Seven days it shall be with his dam.—Compare Leviticus 22:27. The main object of forbidding sacrifice before the eighth day would appear to have beer-regard for the health and comfort of the mother, which needed the relief obtained by suckling its offspring. There may also have underlain the prohibition some reference to birth as an impure process. Compare the circumcision of the male child on the eighth day.
And ye shall be holy men unto me: neither shall ye eat any flesh that is torn of beasts in the field; ye shall cast it to the dogs.(31) Ye shall be holy men unto me.—Compare Exodus 19:6. The holiness really desired was holiness of heart and spirit. Outward ordinances could not effect this; but, to keep the thought perpetually before- men’s minds, a network of external obligations was devised, whereof a specimen is given in the law which follows.

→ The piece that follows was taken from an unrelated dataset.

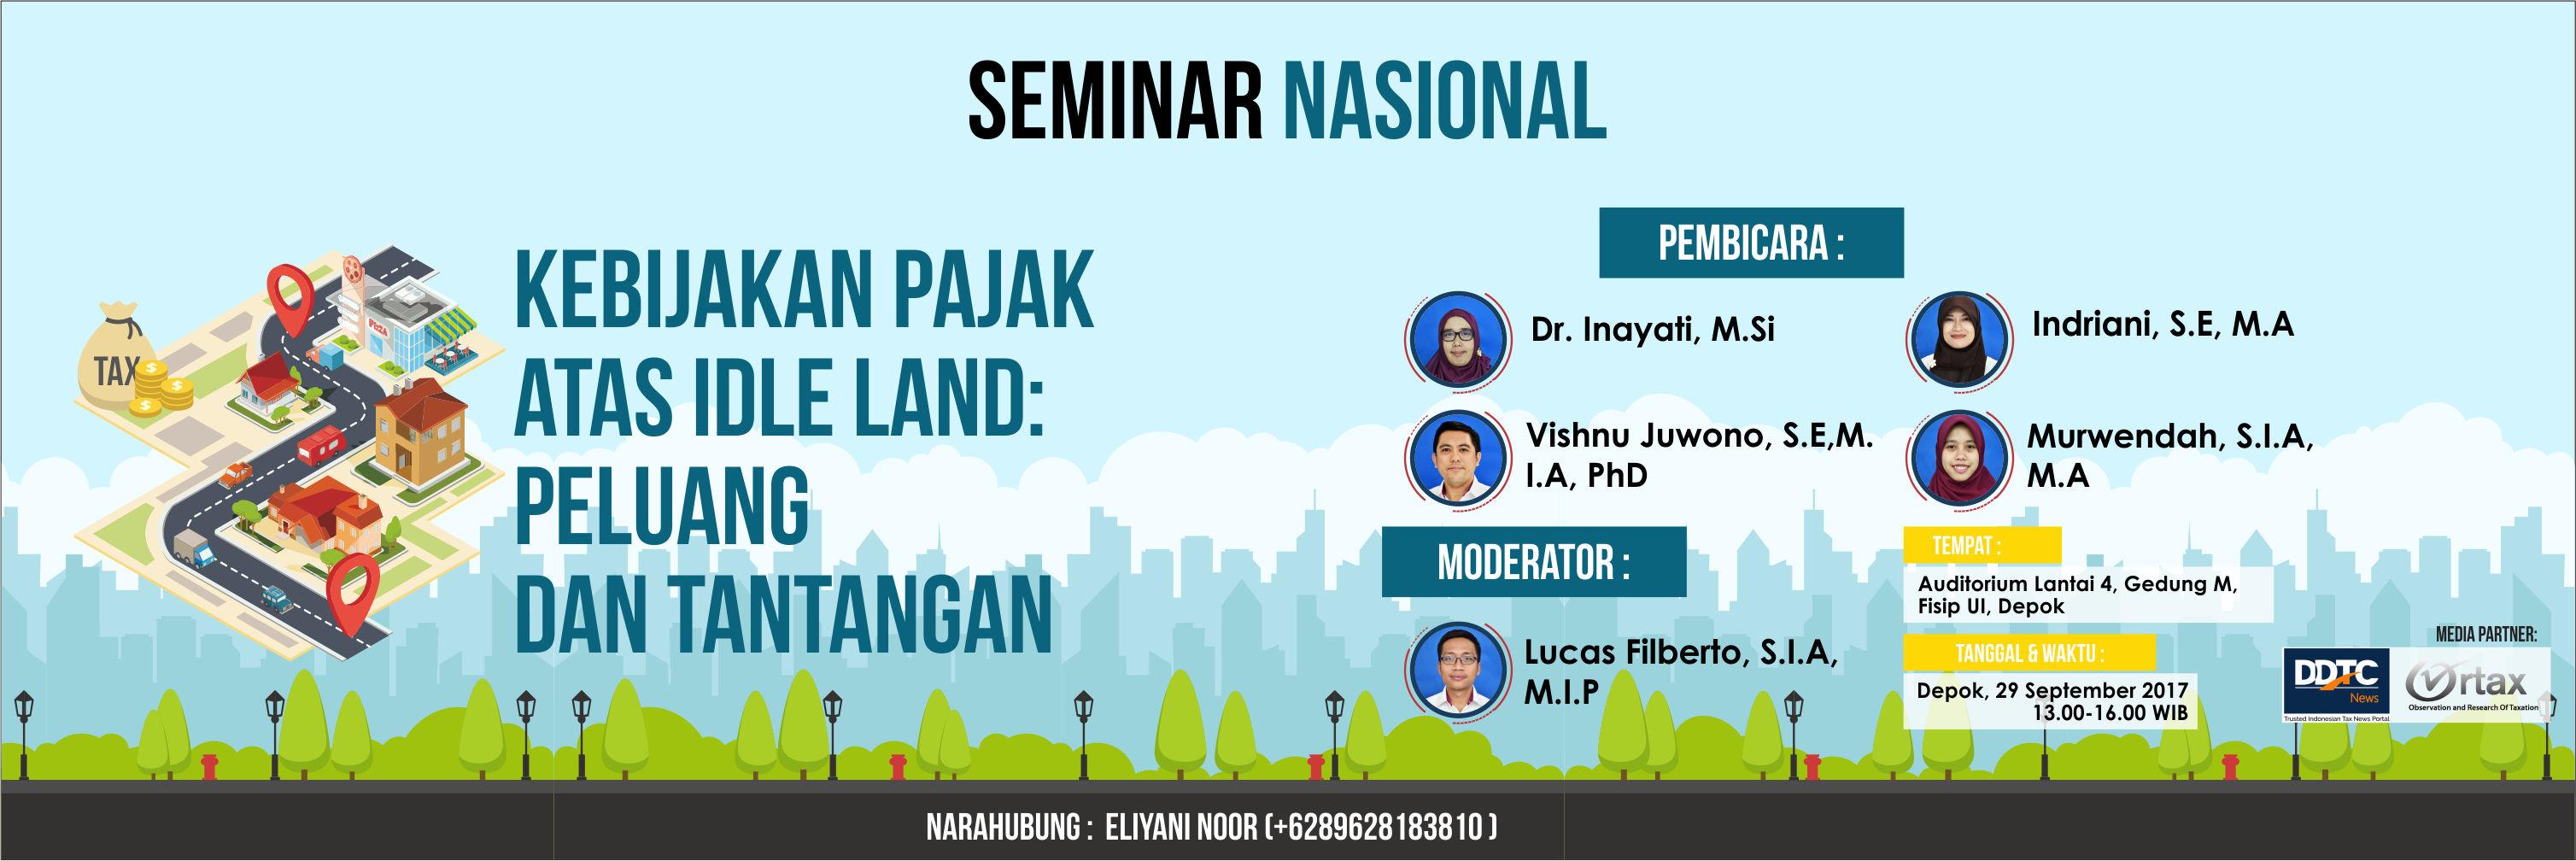 seminar-poltax
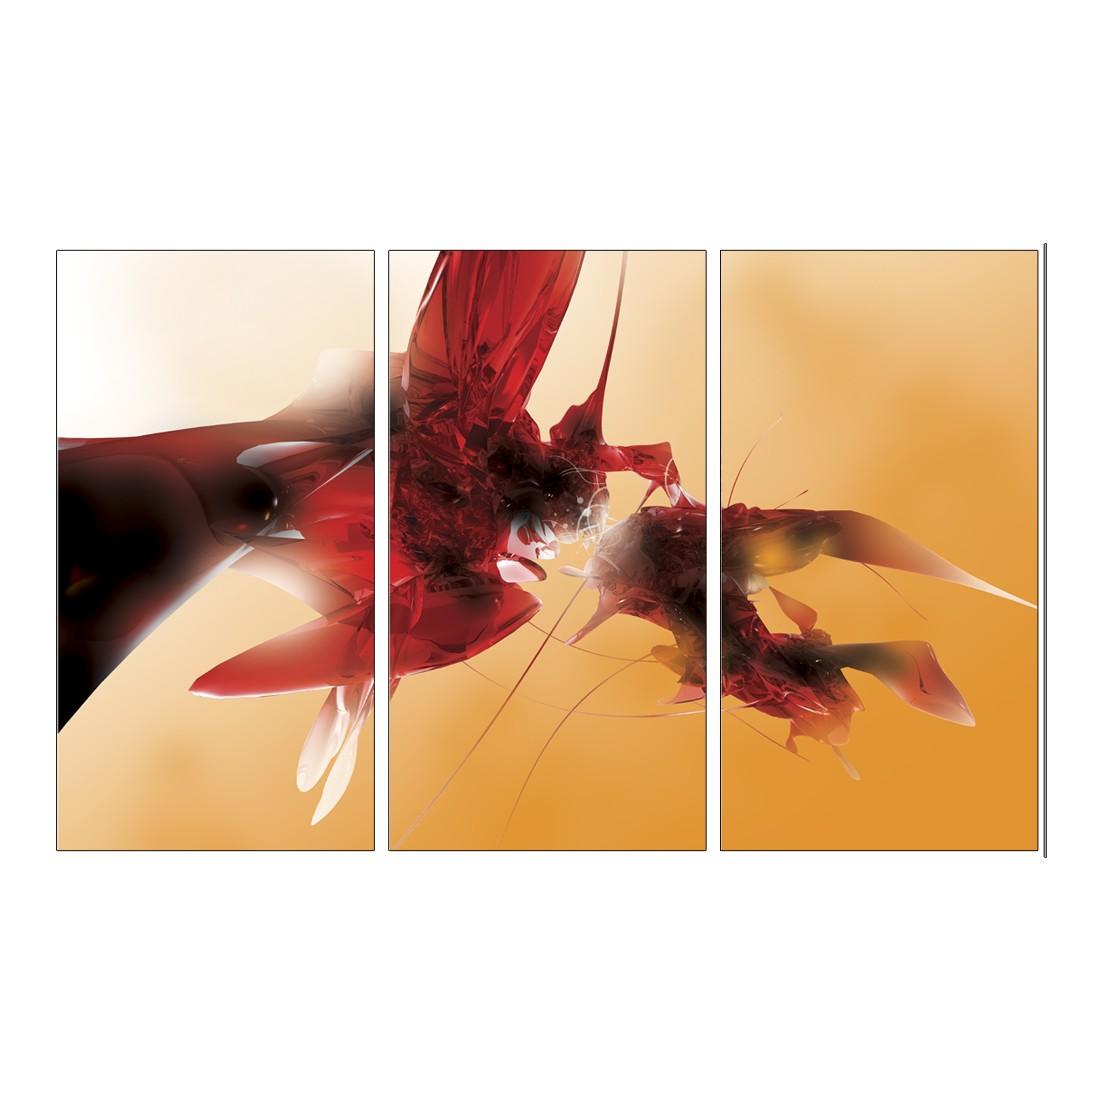 Leinwandbild Abstrakt Rot – 120 x 80cm, Gallery of Innovative Art jetzt bestellen

The flesh of an animal torn by a carnivorous beast would be doubly unclean: (1) By contact with the unclean carnivorous beast; and (2) through not having all the blood properly drained from it. It was therefore not to be eaten by a Hebrew.
Ye shall cast it to the dogs—i.e., ye shall do this rather than eat it. The flesh might probably be given, or even sold, to an alien. (Compare Deuteronomy 14:21.)